In a comment, Michael says:

Here in the States (United, that is), the ABC moderators have been widely criticized for focusing the first half of the debate on distractions and nonsense — e.g., flag lapel pins. No one on the stage was wearing a flag lapel pin!

...And neither were most people watching the telecast! Surely that's the problem with the supercilious question: If a flag lapel pin denotes patriotism, and the lack of a pin suggests a lack of patriotism, then patriotism is in short supply on the streets of America given the woeful lack of flag lapel pins everywhere!

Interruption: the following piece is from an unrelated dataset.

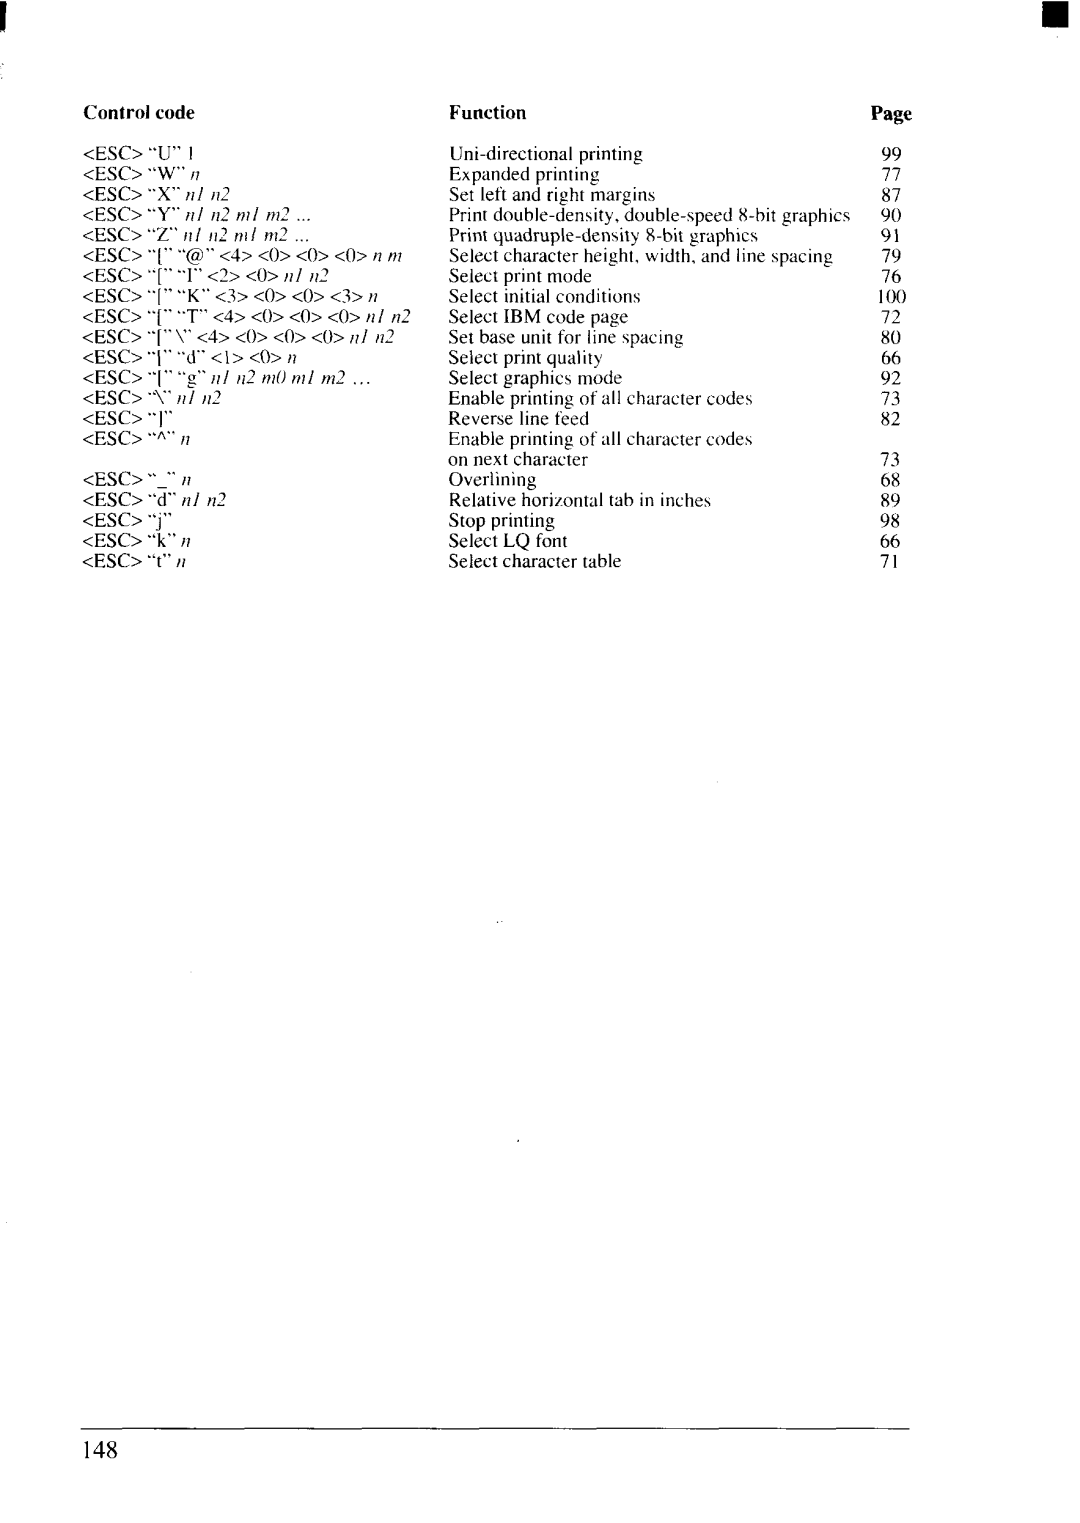 Star Micronics NX-2415II Uni-directionalprinting Expandedprinting, Selectcharacterh, S IBMcodepage Setbase unitf l s 
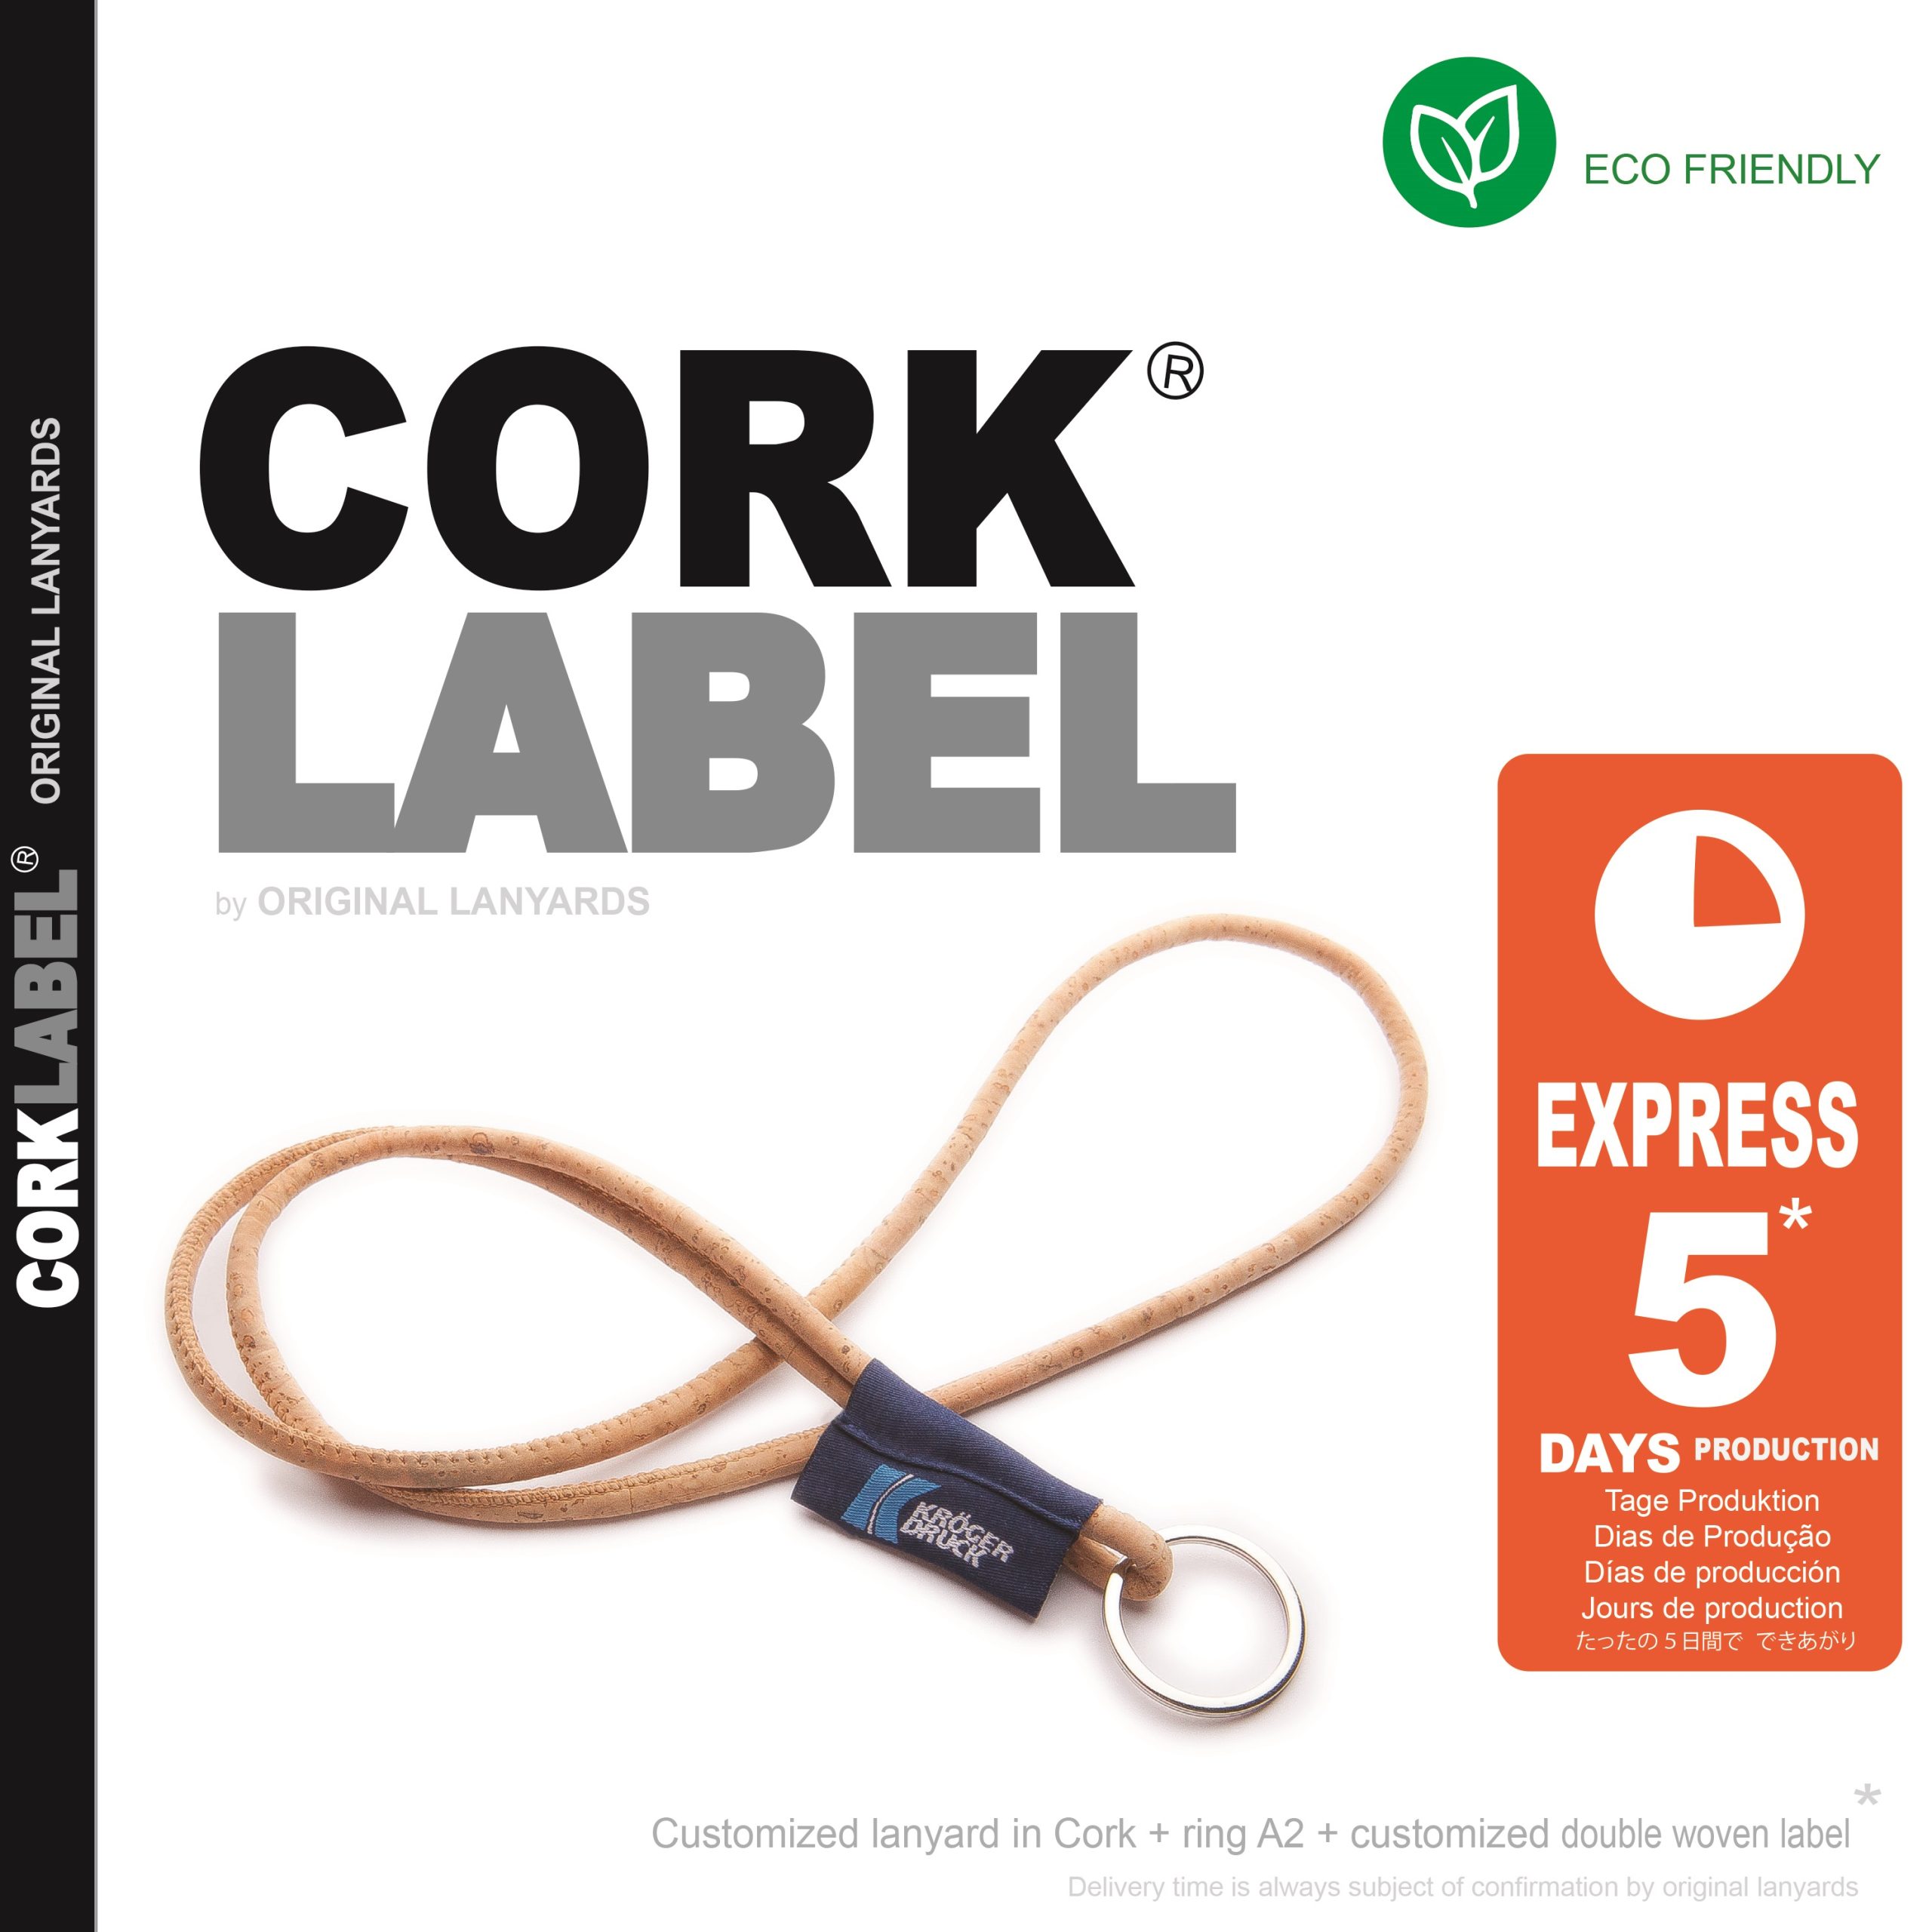 cork label express 2019 cardboard euro2

We could say a lot about the strange fetishization of the American flag in that country (without it, Jasper Johns didn't make any sense), except to note how very strange it looks to the rest of the world, if I can speak for the whole world for a moment. I'm trying to think of a flag that carries a comparable weight in the national consciousness - maybe the French? Certainly the tricolor is as symbolically loaded, but nowhere near as evident in their popular culture.

I say this as an inhabitant of a country whose flag is an image that is constantly under dispute. Statements of a Republican nature (yes we are still a nominal monarchy) always quickly lead to discussion of the flag. Personally I find the presence of the Union Jack on our flag bizarre. I'm always reminded of something my grandfather once said, that his Irish policeman father refused to acknowledge a flag that had the symbol of his enemy in the top corner.

There's no doubt that American political commentary goes some strange places. Yesterday 'The Australian' reprinted an op-ed piece of puffery by P. J. O'Rourke, who has at least the benefit of being funny, even if he often mistakes flippancy for wit.

Some people say John McCain isn't conservative enough. But there's more to conservatism than low taxes, Jesus and waterboarding at Gitmo. Conservatism is also a matter of honour, duty, valour, patriotism, self-discipline, responsibility, good order, respect for our national institutions, reverence for the traditions of civilisation, and adherence to the political honesty upon which all principles of democracy are based.

If you got through the second sentence without feeling nauseous, you're better than I. It follows that if you're Liberal, you must be dishonorable, cowardly, unpatriotic, irresponsible, with no sense of duty and so on and so forth. This is civilization?


Michael Leddy said...

Good analysis, Sean. Part of what the Clinton campaign relies upon in the dismal attention span of many voters -- one can say anything for short-term purposes, and then it'll fade. So Clinton can criticize Obama for talking about hypothetical foreign policy decisions and then, weeks later, talk about bombing Iran.

Anonymous said...

You two guys have waaaaaaay too much time on your hands

- Hell's broke loose in Georgia and the Devil deals the cards

Crritic! said...

I can't speak for the devil, but the first bit is certainly true.